Sorry to sound so down but there are some bed stories on here.

Good Luck and hope you get a great van and enjoy it.


----------



## Mrplodd (Mar 4, 2008)

If you identify the dealer there may well be a previous/curent customer on here who can give an opinion based on personal experience !!


----------



## SwampThing (Mar 9, 2012)

Thanks for the quick responses.
The dealer is Southdowns Motorhome Centre in Portsmouth. As mentioned in my original post, so far they have been extremely helpful.
They suggested a Friday handover so they would have time on a quiet day (as opposed to weekend) to run through everything with us and have suggested we camp on a local site Friday night so that if we do identify anything wrong (or that we don't understand :? ) that we could drop back in on the Saturday for them to assist.


----------



## camoyboy (May 9, 2005)

Hi, we have owned our current Rapido for nearly 4 years, and had another for 4 years before that. We think they a well built MH and we have not had any issues with either. I hope yours will be the same and you have years of trouble free camping in it.
As the previous poster says, make sure you understand fully all the bits and pieces on handover, however long it takes. We take a camera and note pad as backup just in case. Most things on the Rapido are straightforward, the fresh water drain can be hidden away, and the heater cotrols take a bit of sorting out, but I am sure you will be OK. On your first night make sure you try everything out, heating, shower, fridge on all settings, on and off hookup, all bed variants etc, while you have the chance to go back for retraining should you need it.
This is a big outlay you are making, so you need to be confident you have made the right choice. I am sure you will be sitting in your new MH with a big grin next Friday!! 

Good Luck,

Colin


----------



## MyGalSal (Dec 8, 2008)

Would agree Rapido is a well built van.

Would advise you check the payload - as with any van. Some of the 3500kg vans are almost illegally overweight before you put anything in them. I don't know what weight your van is, I merely mention the 3.5 as an example. I would ask the dealer to put it on a weighbridge before you sign anything - and yes, I have had my fingers burnt!

Sal


----------



## wooly (Oct 3, 2007)

Hi , As above I would check out the other thread running on Rapido motorhomes with reference to gross vehicle weights, as someone has just found out they have absolutely no capacity for passengers let alone all other clothes food and other rubbish that we all cart around. I might be scaremongering but better forewarned, we have people in the past that have bought and then find there is no load capacity, the stealer wont want to know once he's got your cash.
Michael


----------



## H1-GBV (Feb 28, 2006)

We've been very happy with our Rapido, and despite a few searches, have not found anything we want to replace it with (not that we have the money  ).

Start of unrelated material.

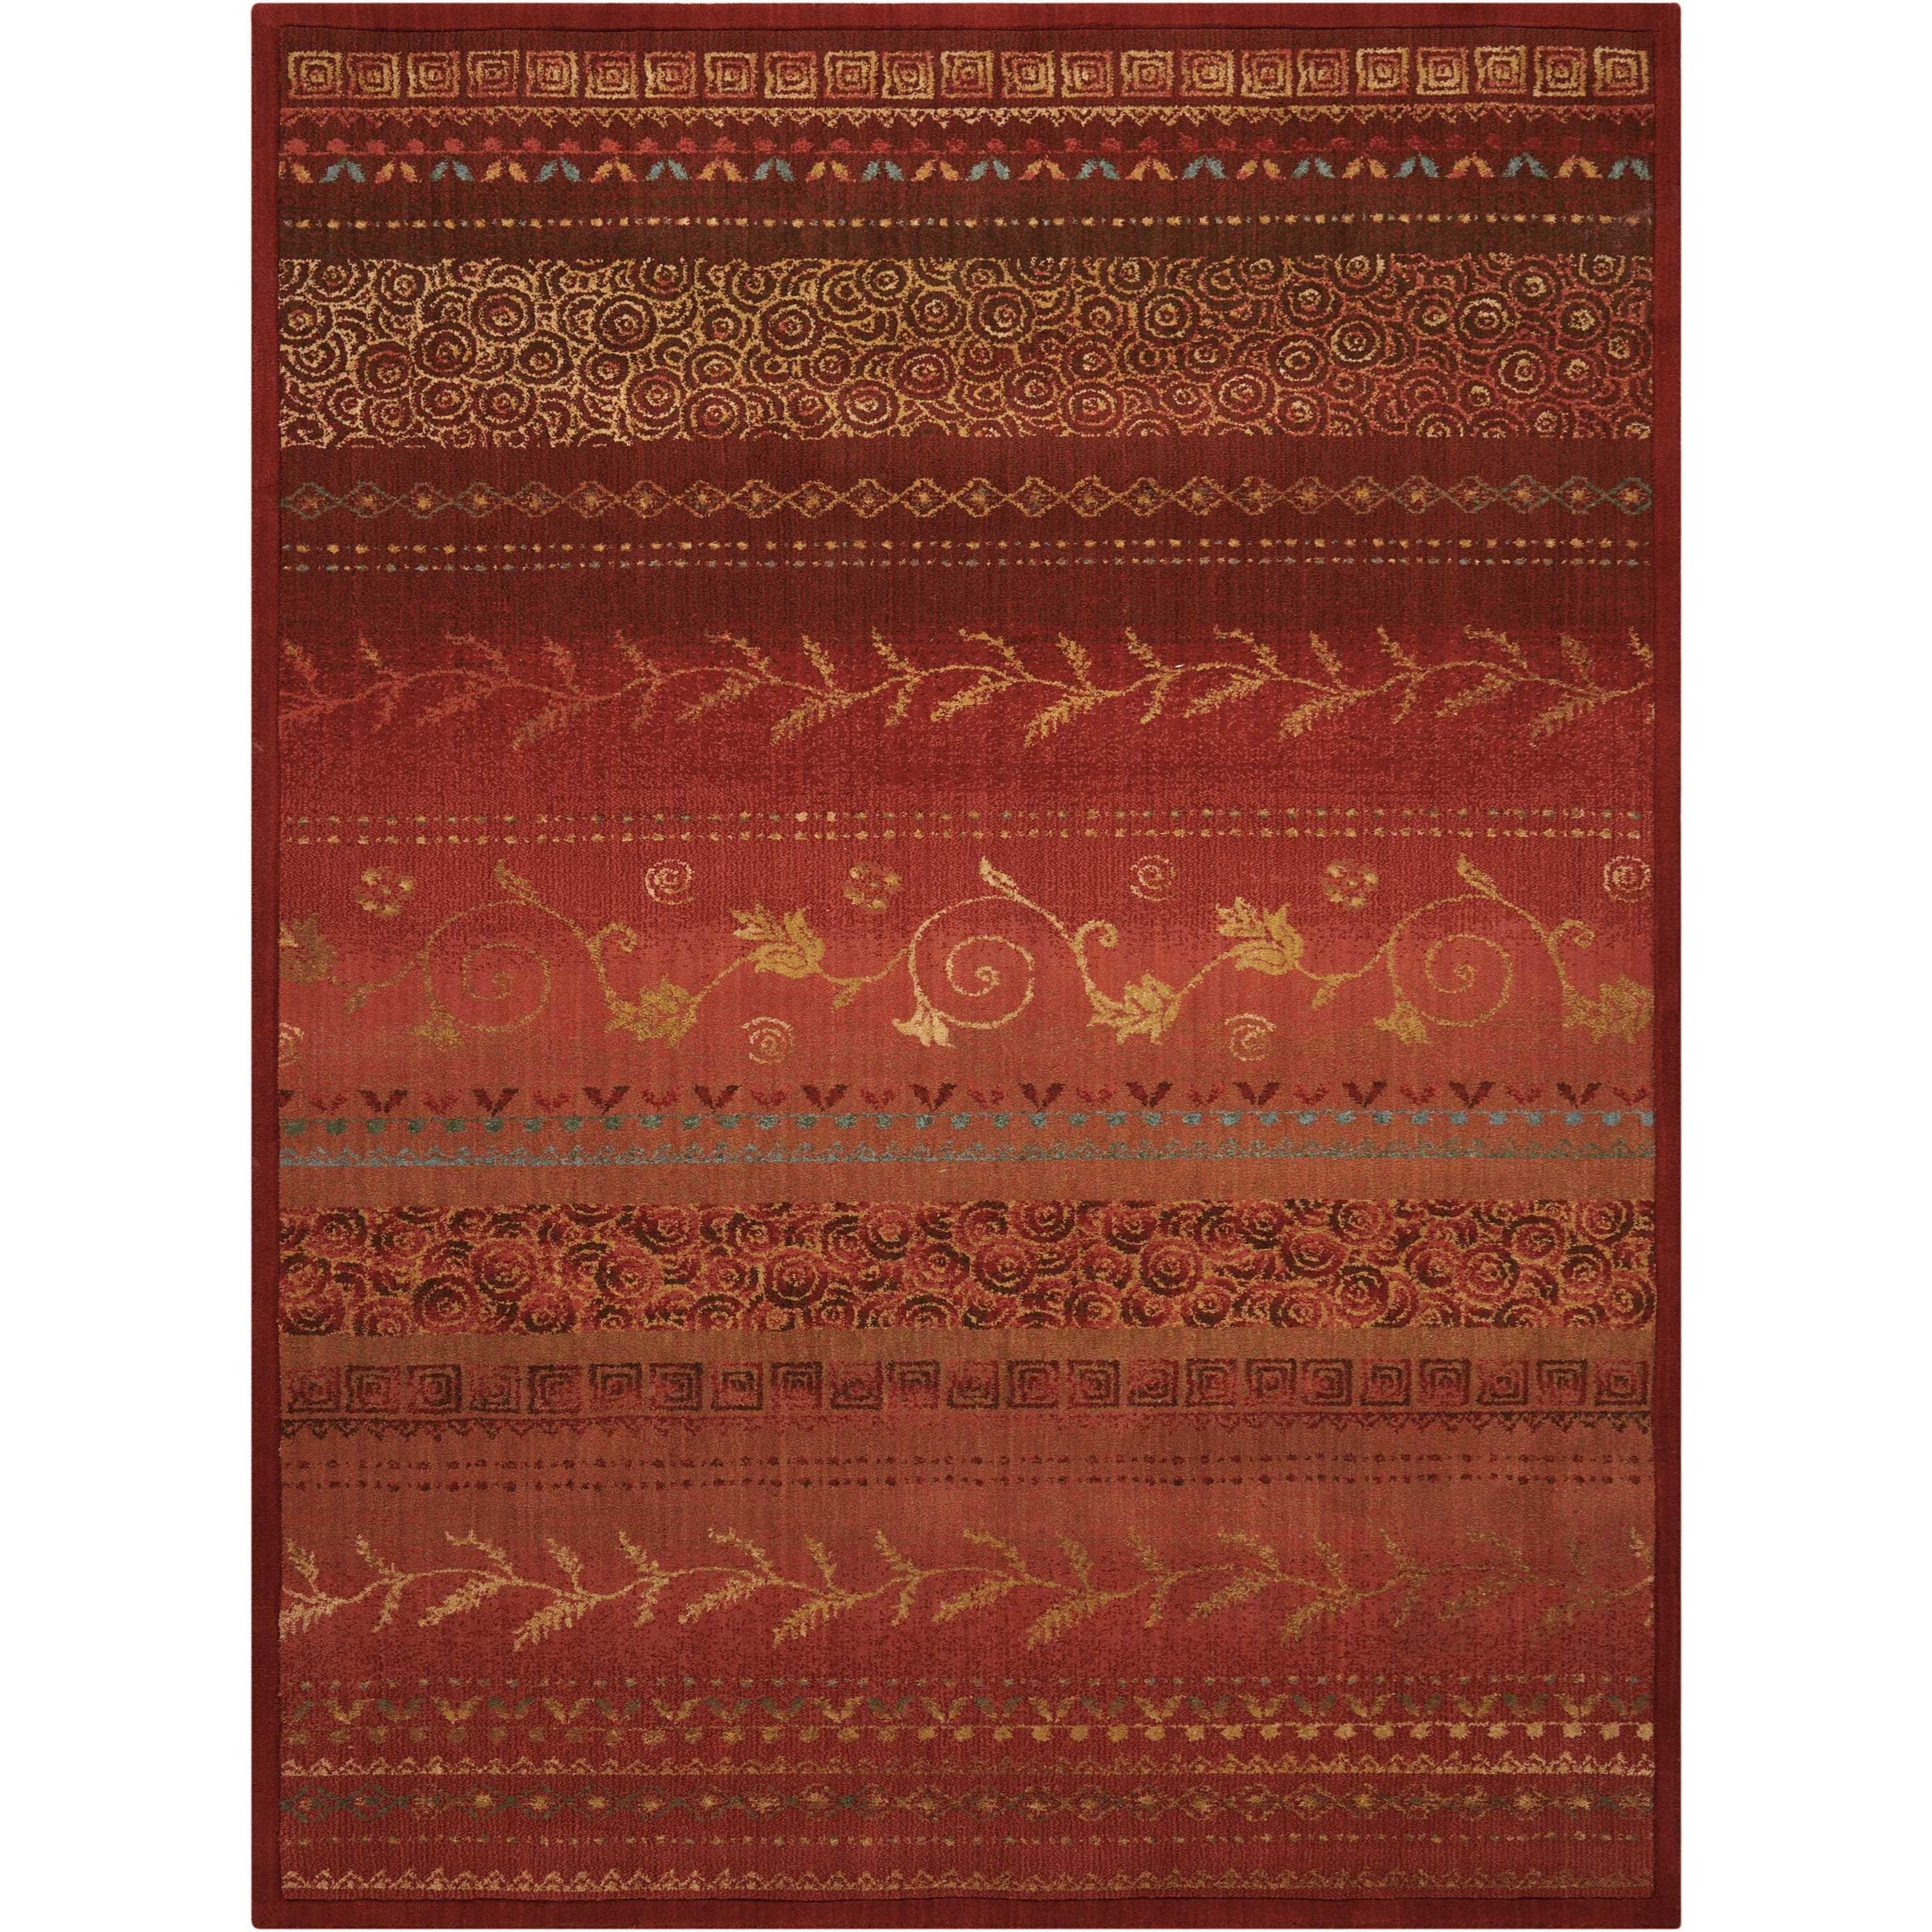 "Radiant Impression 5'6"" x 7'5"" Crimson Rectangle Rug by Nourison at Sprintz Furniture"
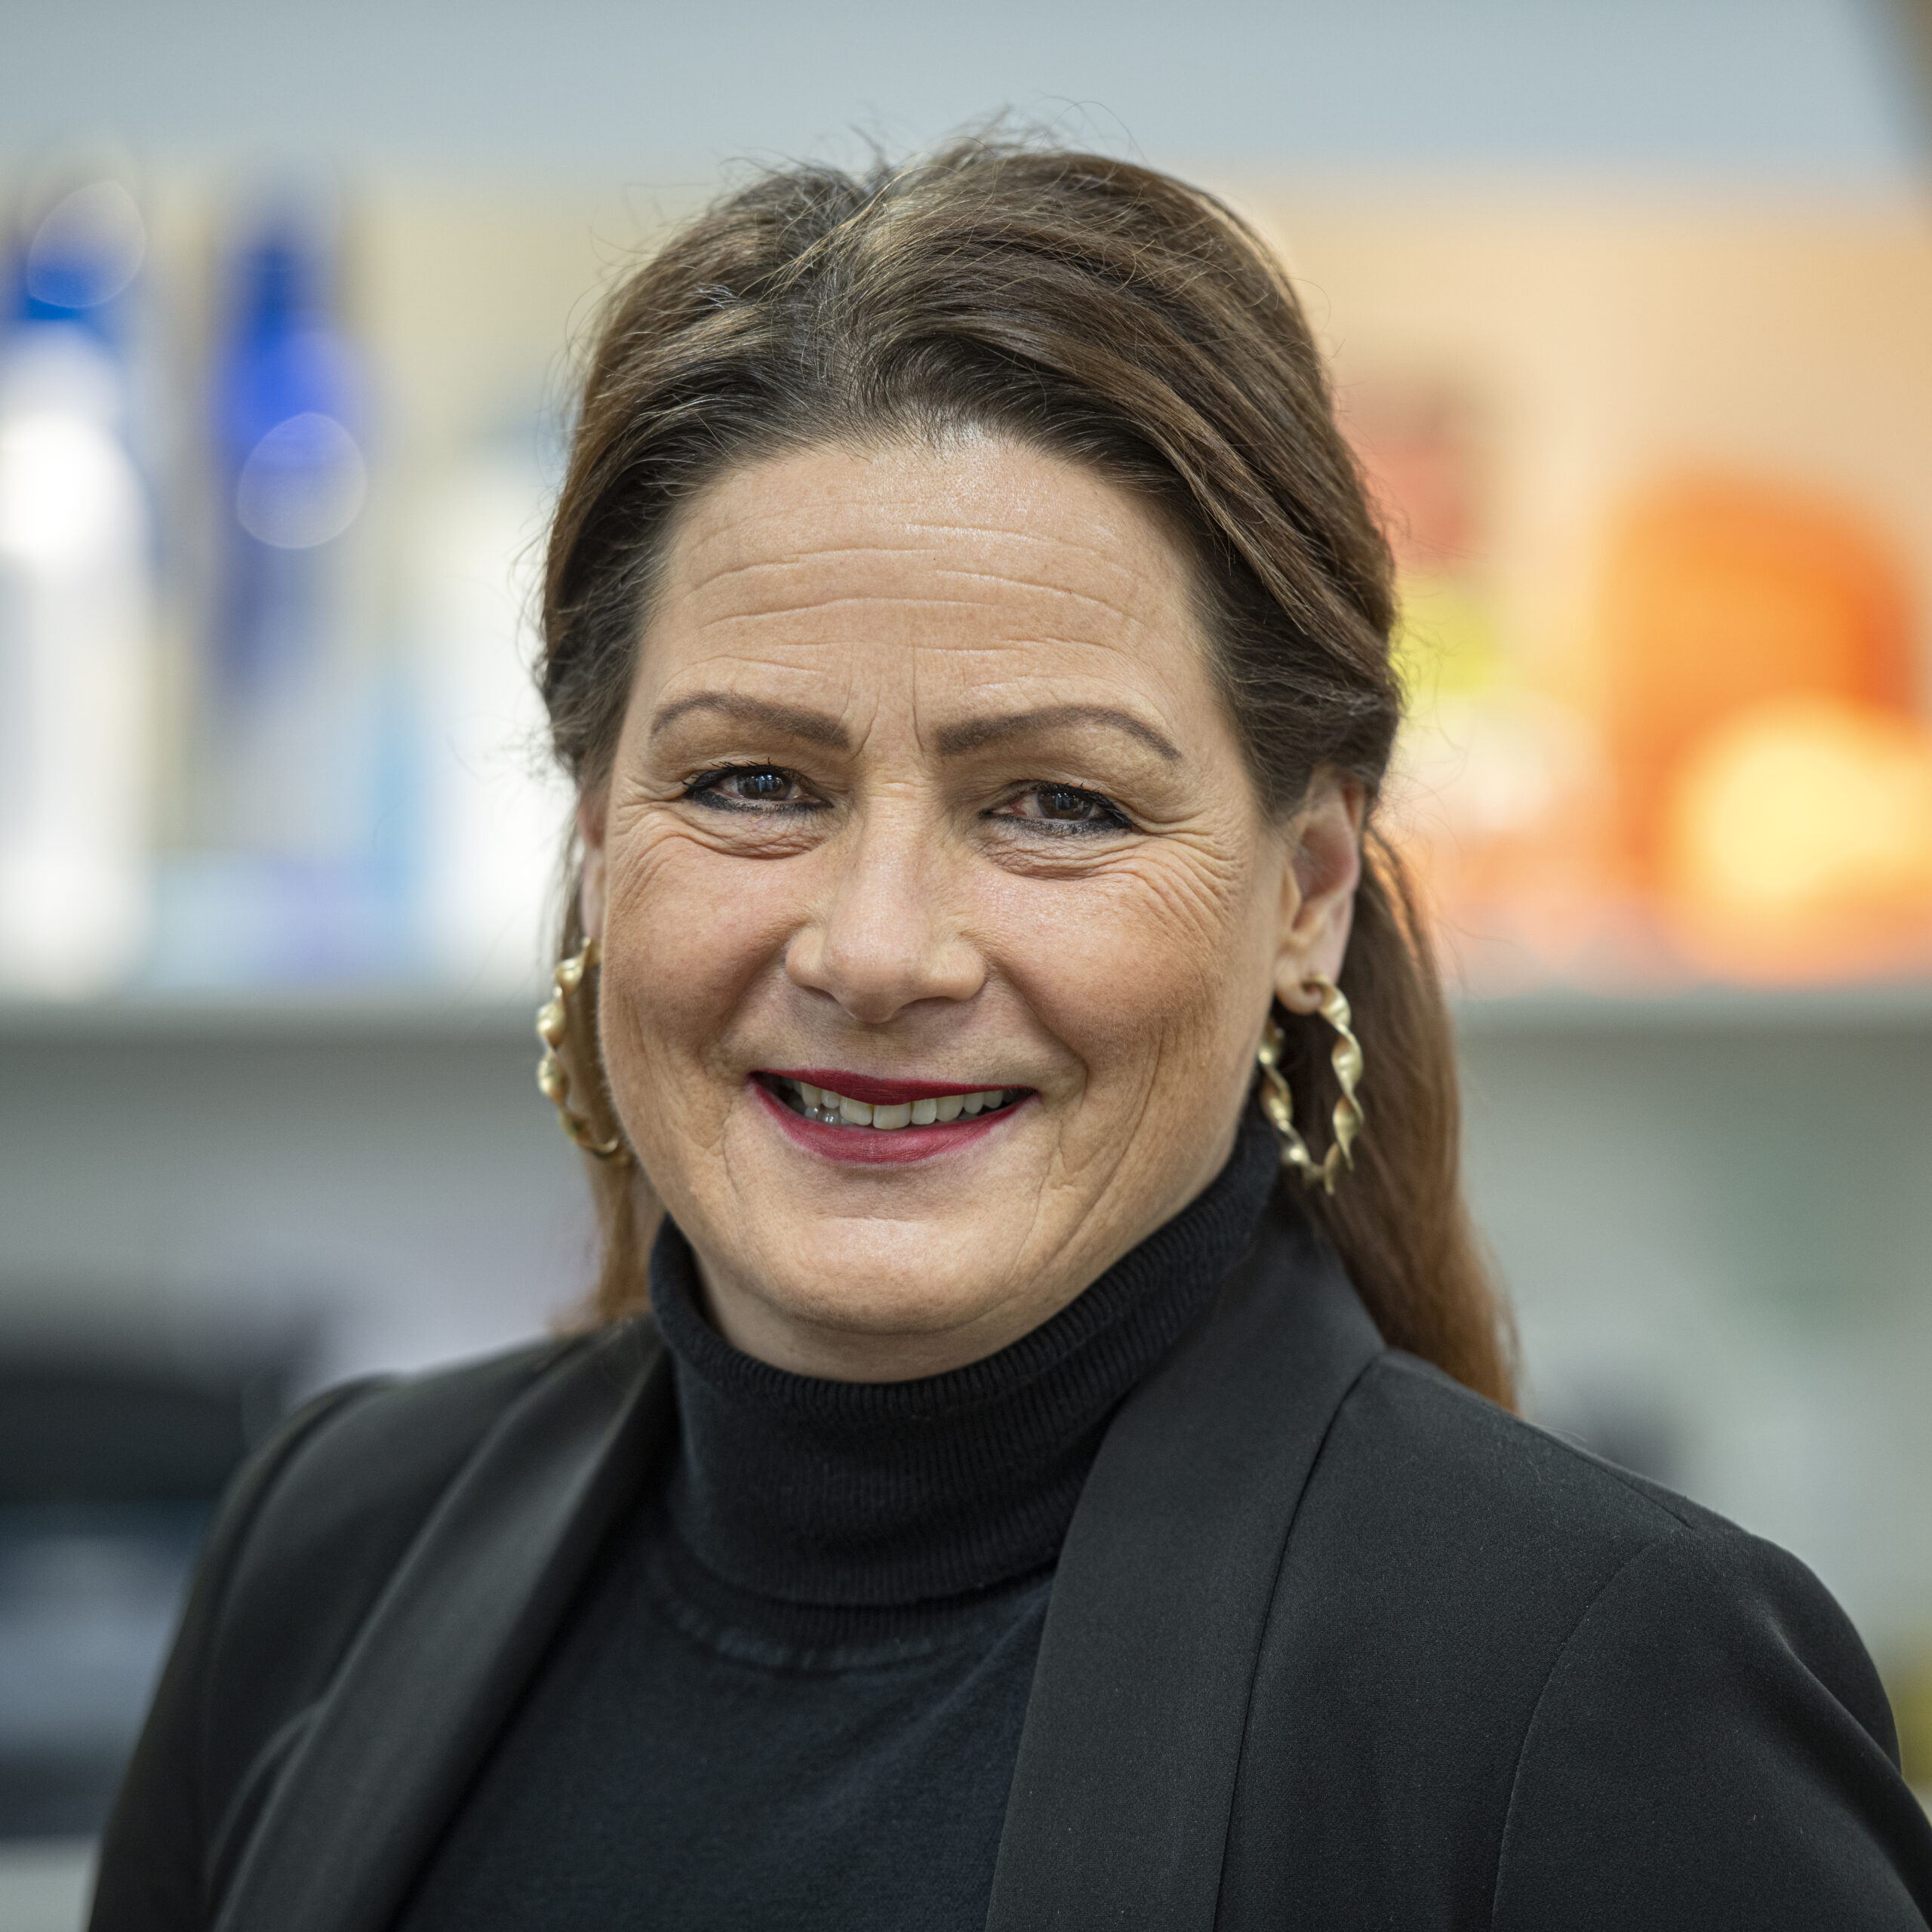 Karin van Velzen

My first "problem" was the gas manifold. As a hardened camper, I knew it might take a while for the gas to get from the bottles to various bits, especially the fridge and heater. We had an "on/off" control before the regulator, another one after the regulator, another one integral with the distribution manifold and 4 taps on the manifold itself, sending gas to the various appliances. Remembering exactly which way each tap had to point became confusing, so I stuck little diagrams nearby and I still refer to them every trip: now I know it's not them if something doesn't light (it REALLY DOES take a while for gas to get to our heater - I always light the hob for a few seconds first to ensure gas has got that far, at least).

Our handbrake has to be off before I can swivel the driver seat (but it's an old Merc, so may not affect you).

If you've searched the threads, you'll find a few complaints about gaps around fridges.

Another bugbear in many MHs is cracking of the shower/toilet floor - well worth getting on hands and knees to check.

Recently there have been a spate of problems with plastic windows crazing because people have cleaned them with a chemical - it seems to occur where fixings pass through the transparent material. Apparently expensive because the window needs to be replaced. As you can imagine, these are not specific to Rapidos.

Enjoy.


----------



## bigbazza (Mar 6, 2008)

Spares are expensive, but not compared other brands.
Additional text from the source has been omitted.